What happens when a relationship comedy meets “Animal House”? Not as much as you'd think, although “Neighbors” is frantic enough to leave the impression a lot is happening.
The movie begins with new parents Mac (Seth Rogen) and Kelly (Rose Byrne, from “Bridesmaids”) pondering how their lives have changed since having a baby. Before they can really explore the issue, a fraternity house moves in next door.
This glitch in the zoning laws ushers in a nightmarish phase. The boys next door are up all night with loud music and partying. This is doubly annoying because it reminds Mac and Kelly of their lost youth.
First the parents try to make nice with their neighbors, which leads to the movie's funniest sustained sequence, a night of blowing off steam. But a nasty rivalry sets in shortly thereafter.
Their chief tormentor is Teddy (Zac Efron), the frat president. Efron always seems just a little behind the comic beat, although he does come to life for a couple of surreal bro-bonding scenes with his second-in-command (super-focused Dave Franco, brother of James).
You sometimes get the feeling director Nicholas Stoller, who made a nice debut with “Forgetting Sarah Marshall,” would prefer to stay with Mac and Kelly's somewhat realistic marital problems.
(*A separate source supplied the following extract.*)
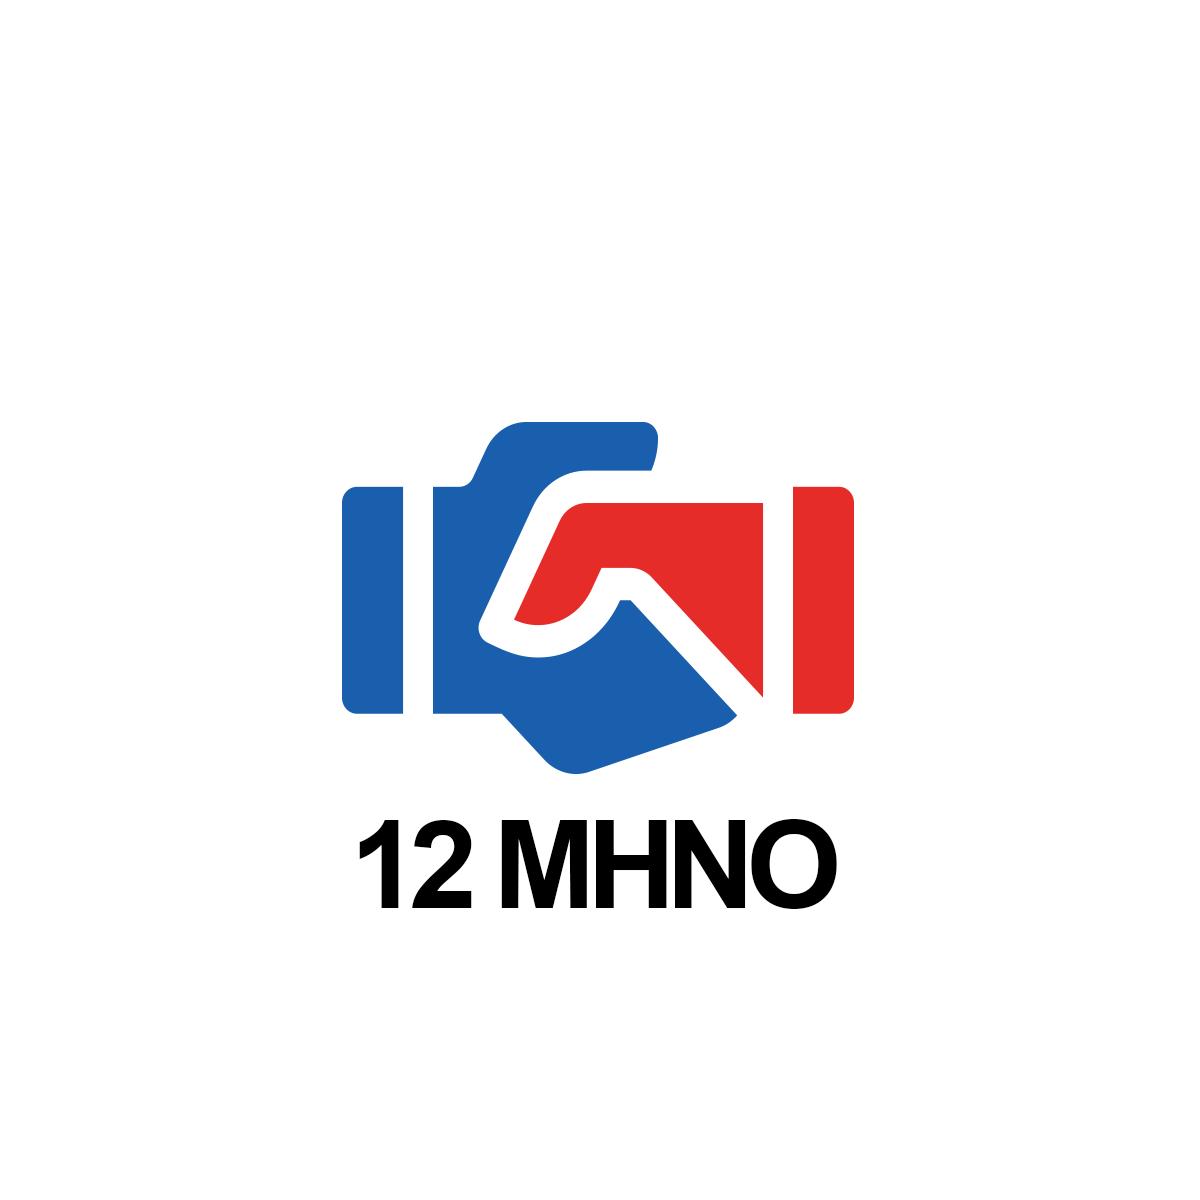 ΕΜΠΟΡΟΣ ΟΧΗΜΑΤΩΝ – 12ΜΗΝΟ

But even these scenes tend to fritter away in the spectacle of Seth Rogen's need to stand around and riff on bodily functions and sex organs.
There's a lot of that. “Neighbors” wants to be naughty, and the raunchiness qualifies the film for its R rating a few times over. Like so many current comedies, this one obsesses over male genitalia. It's enough to make one nostalgic for shallow, ‘80s-style T&A. Almost.
Beyond Byrne's strenuous efforts to act like one of the boys, the women in the movie are complete ciphers. Even usually-reliable sidekick roles don't register strongly, here distributed among the likes of Ike Barinholtz, Carla Gallo, and Christopher Mintz-Plasse.
All of this moves along quickly, which is some kind of blessing. But as crisp as the editing is, the whole thing feels sloppy—you sense there's a raft of cut scenes, full of improvisation, that will undoubtedly end up on the DVD and explain why we see so little footage of some name actors in this version.
Not that it makes much difference. “Neighbors” seems pulled in so many directions it rarely builds a head of steam. Now if you kids could possibly keep it down, some of us are trying to sleep.
“Neighbors” (one and a half stars)
New parents Seth Rogen and Rose Byrne must deal with the fraternity house that moves in next door. The movie sprints along in frantic fashion, but the jokes are raunchy and familiar, and frat president Zac Efron lags behind the comedy beat.
Rating: R, for nudity, language, subject matter
Opening: Friday at Cinebarre Mountlake Terrace, Everett Stadium, Galaxy Monroe, Marysville, Stanwood Cinemas, Pacific Place, Woodinville, Cascade Mall.